本発明は、映像コンテンツをシーンに分割するための装置及びプログラムに関する。 The present invention relates to an apparatus and a program for dividing video content into scenes.

従来、統計的な手法を用いて、画像の中の被写体をソフトウェアにより認識してメタデータを付与することにより、画像検索等のアプリケーションが実現されてきた。 Conventionally, an application such as an image search has been realized by using a statistical technique and recognizing a subject in an image by software and adding metadata.

ところで、テレビ番組等の映像コンテンツは、図７にイメージを示すように、階層構造で表現されることが多い。具体的には、より小さな単位から、フレーム、ショット、シーン、コンテンツ（番組映像）と呼ばれる。 By the way, video contents such as television programs are often expressed in a hierarchical structure as shown in FIG. Specifically, it is called a frame, a shot, a scene, and content (program video) from a smaller unit.

ショットは、撮影時のカメラの切り替わり点を境界とし、長さは数秒〜数十秒と短い。一般的な１時間程度の番組では、ショット数は１００〜１０００程度と多くなるので、ショットの羅列から番組全体の構造を把握することは容易ではない。例えば、ドラマ等、複数のショットの組み合わせにより映像の意味を表現する番組の場合、単一のショットだけでは映像の意味が理解できないことが多い。このため、映像検索の利用者は、映像分割の単位としてショットは細かすぎると感じることが多い。
また、映像検索において検索結果を提示する場合、コンテンツの内容を構造的に示したり、必要な映像を意味的な単位で再生したりする機能が望まれている。 A shot has a short point of several seconds to several tens of seconds with a camera switching point at the time of shooting as a boundary. In a general program of about 1 hour, the number of shots increases to about 100 to 1000, so it is not easy to grasp the structure of the entire program from a sequence of shots. For example, in the case of a program that expresses the meaning of a video by combining a plurality of shots, such as a drama, the meaning of the video is often not understood only by a single shot.

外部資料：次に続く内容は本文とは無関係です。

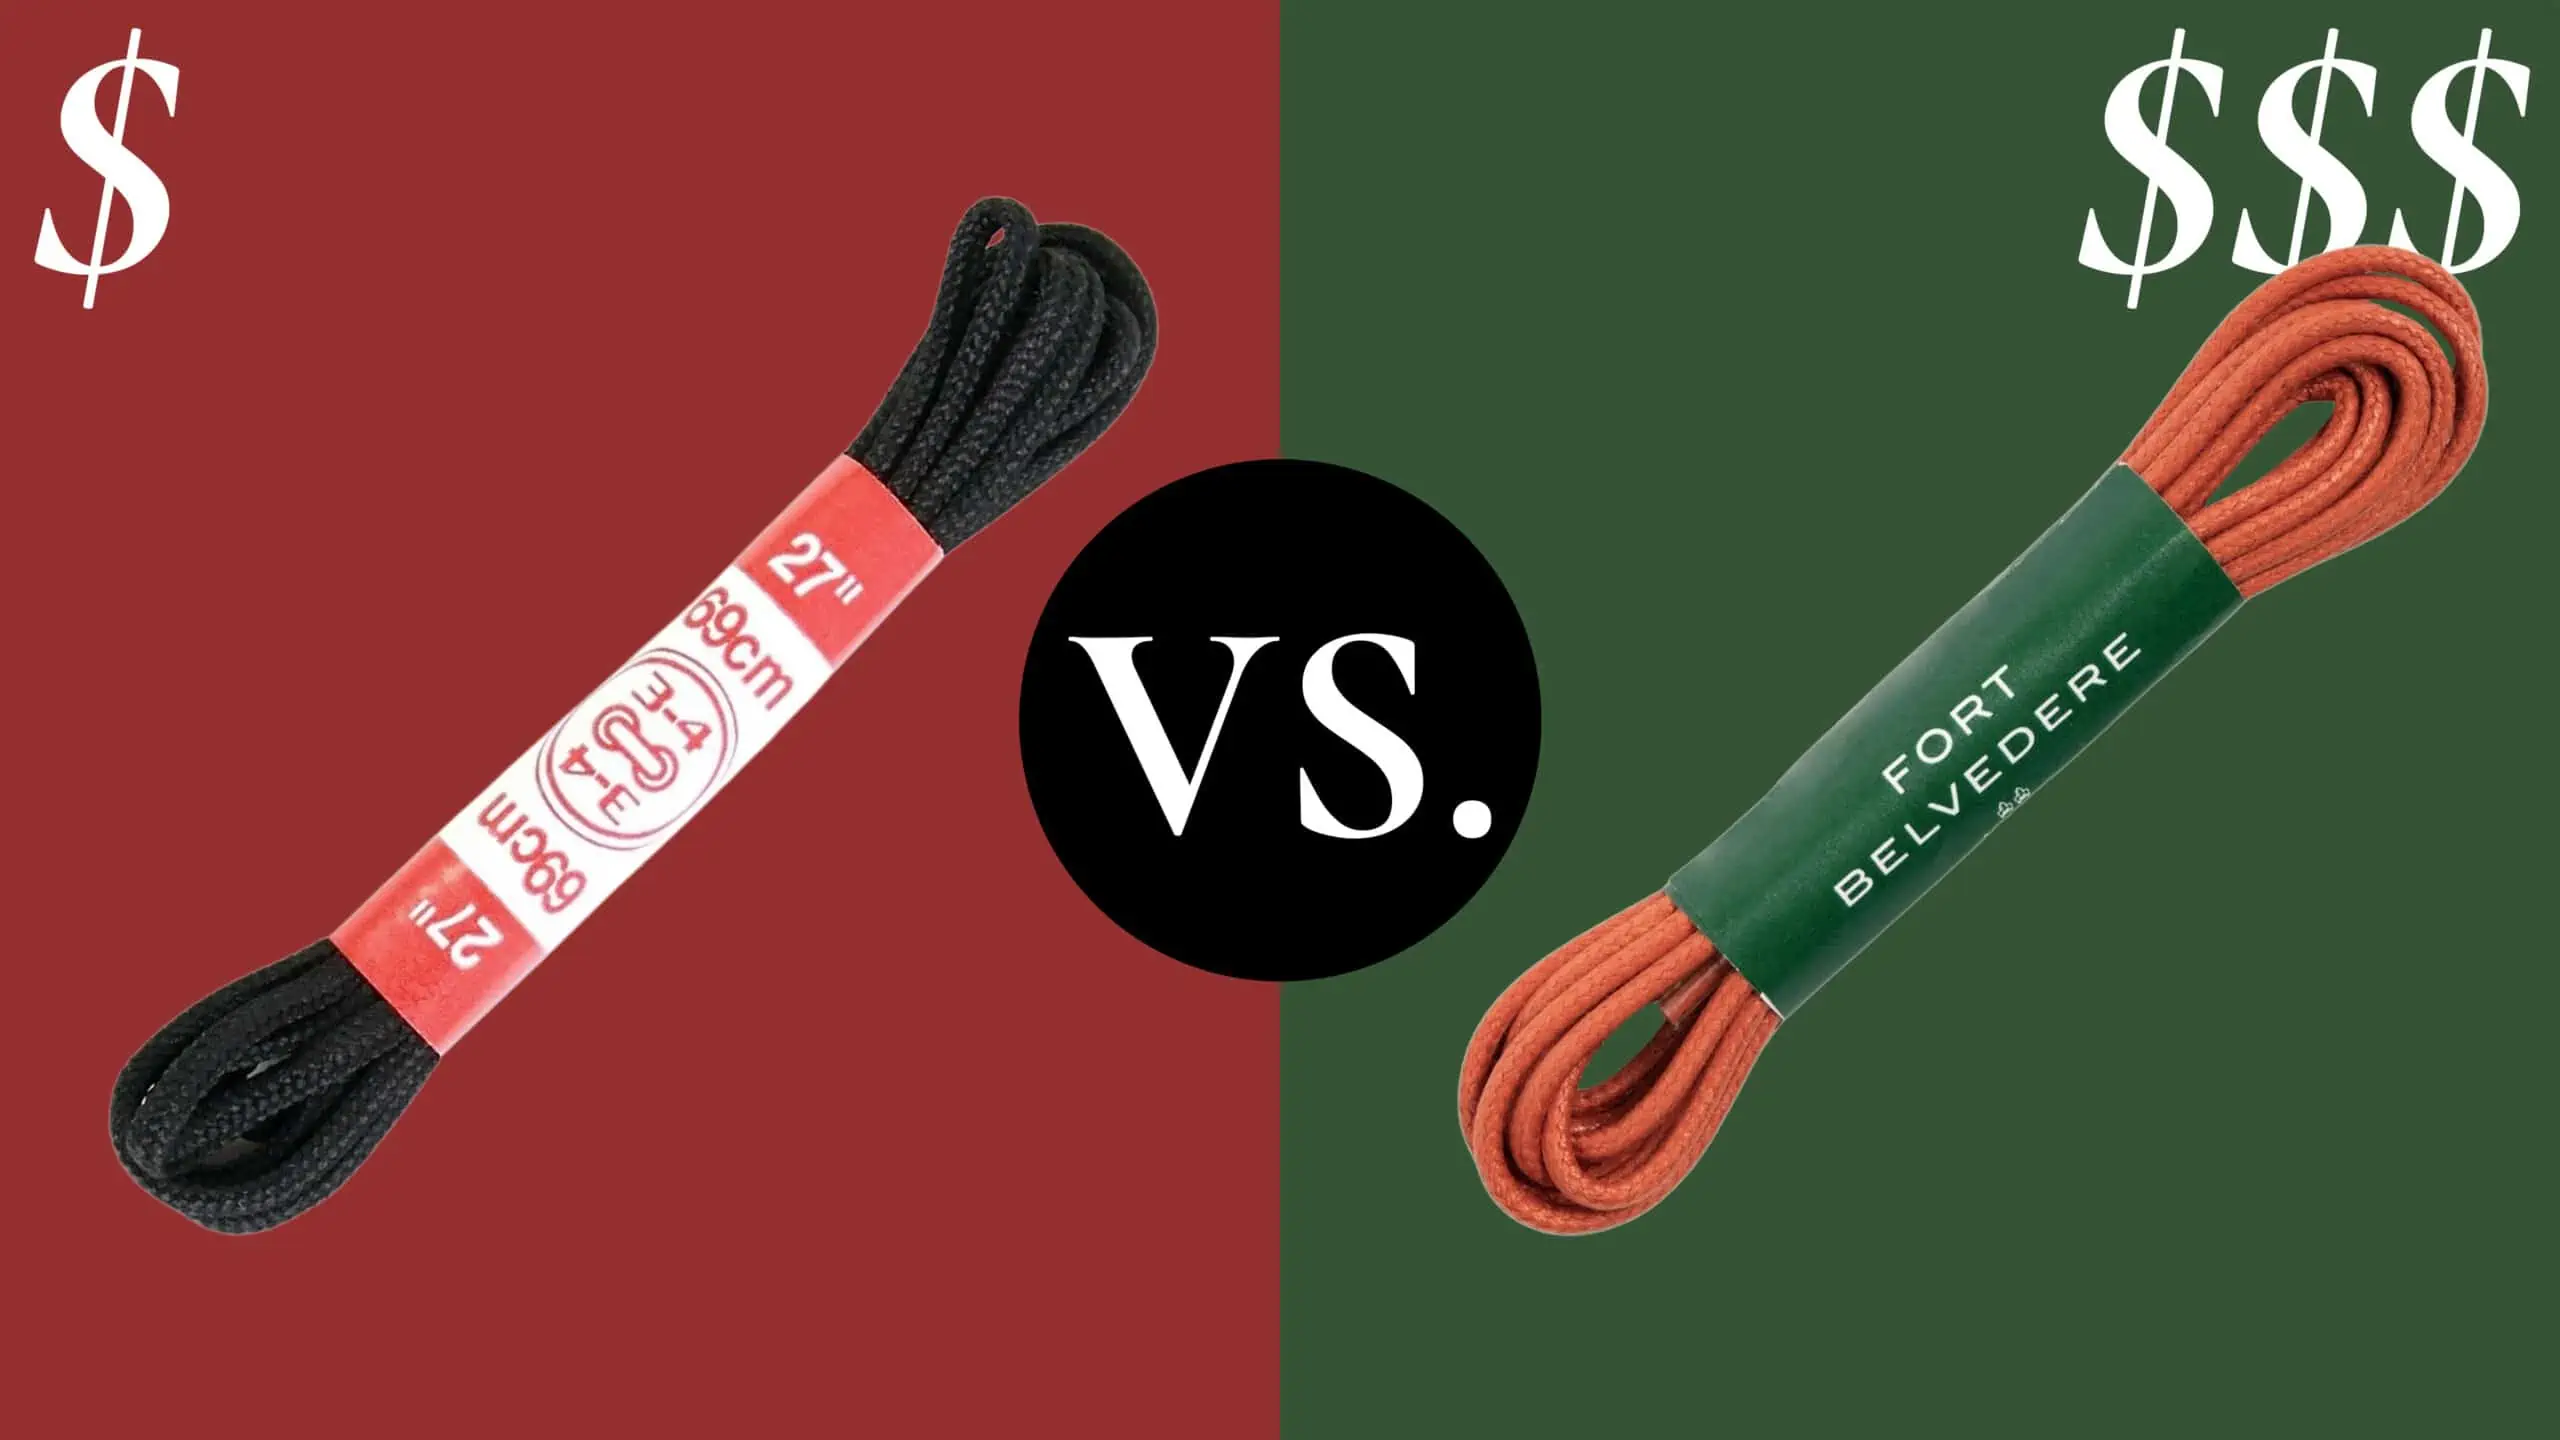 Cheap vs Expensive Shoelaces 3840x2160 v1 scaled

For this reason, a user of video search often feels that a shot is too fine as a unit of video division.
In addition, when presenting a search result in video search, a function of structurally showing the contents and reproducing a necessary video in a semantic unit is desired.

このような状況において、例えば、色、模様又は音の連続性に着目し、この連続性の途切れた点を境界として映像を分割する手法が提案されている（例えば、特許文献１及び２参照）。 In such a situation, for example, paying attention to the continuity of the color, pattern, or sound, a method of dividing the video using the point where the continuity is interrupted as a boundary has been proposed (see, for example, Patent Documents 1 and 2). .

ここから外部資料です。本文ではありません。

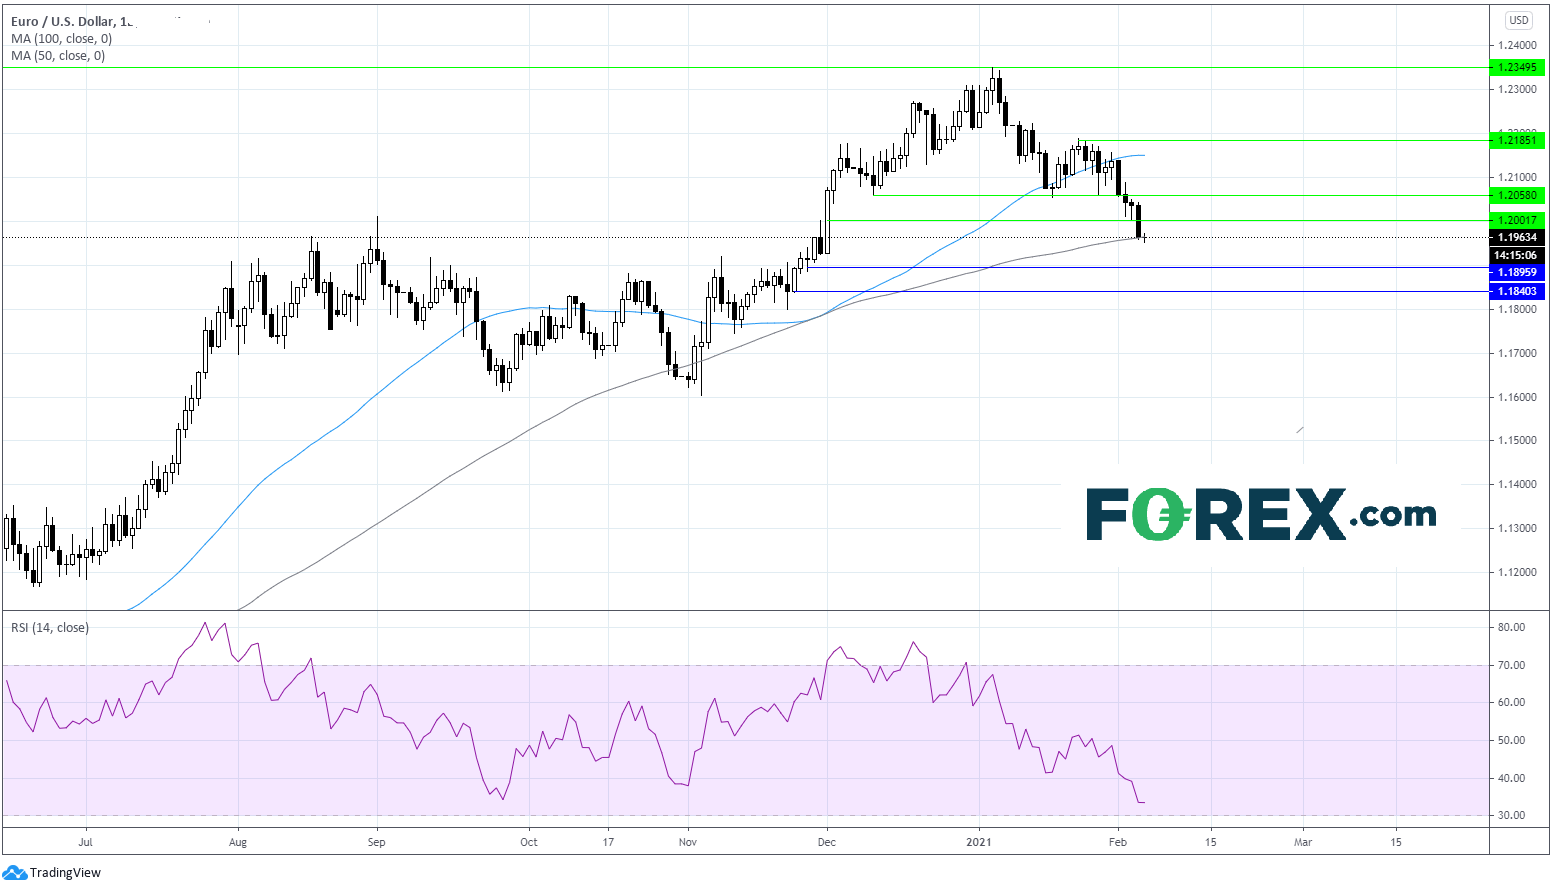 Chart analysis shows EUR vs USD. Published in May 2021 by FOREX.com

特開２００４−２８０６６９号公報Japanese Patent Laid-Open No. 2004-280669 特開２００８−５１６７号公報JP 2008-5167 A

ところで、シーンは、映像編集者によって意味付けされた複数のショットにより構成される区間であり、コンテンツ内で表現されている場所又は時を同じくすることが多い。このため、従来手法で用いられる映像又は音声信号の連続性が示す区間と、人の考える意味区間とは乖離が大きく、利用者の希望する境界で分割されないことが多かった。
このように、意味的な映像内容の境界であるシーン境界を自動的に検出することは難しかった。 By the way, a scene is a section composed of a plurality of shots given meaning by a video editor, and often has the same place or time expressed in content. For this reason, the section indicated by the continuity of the video or audio signal used in the conventional method and the meaning section considered by the person are largely different, and are often not divided at the boundary desired by the user.
As described above, it is difficult to automatically detect a scene boundary that is a boundary of semantic video content.

本発明は、映像コンテンツを適切にシーンに分割できる映像シーン分割装置及び映像シーン分割プログラムを提供することを目的とする。 It is an object of the present invention to provide a video scene division apparatus and a video scene division program that can appropriately divide video content into scenes.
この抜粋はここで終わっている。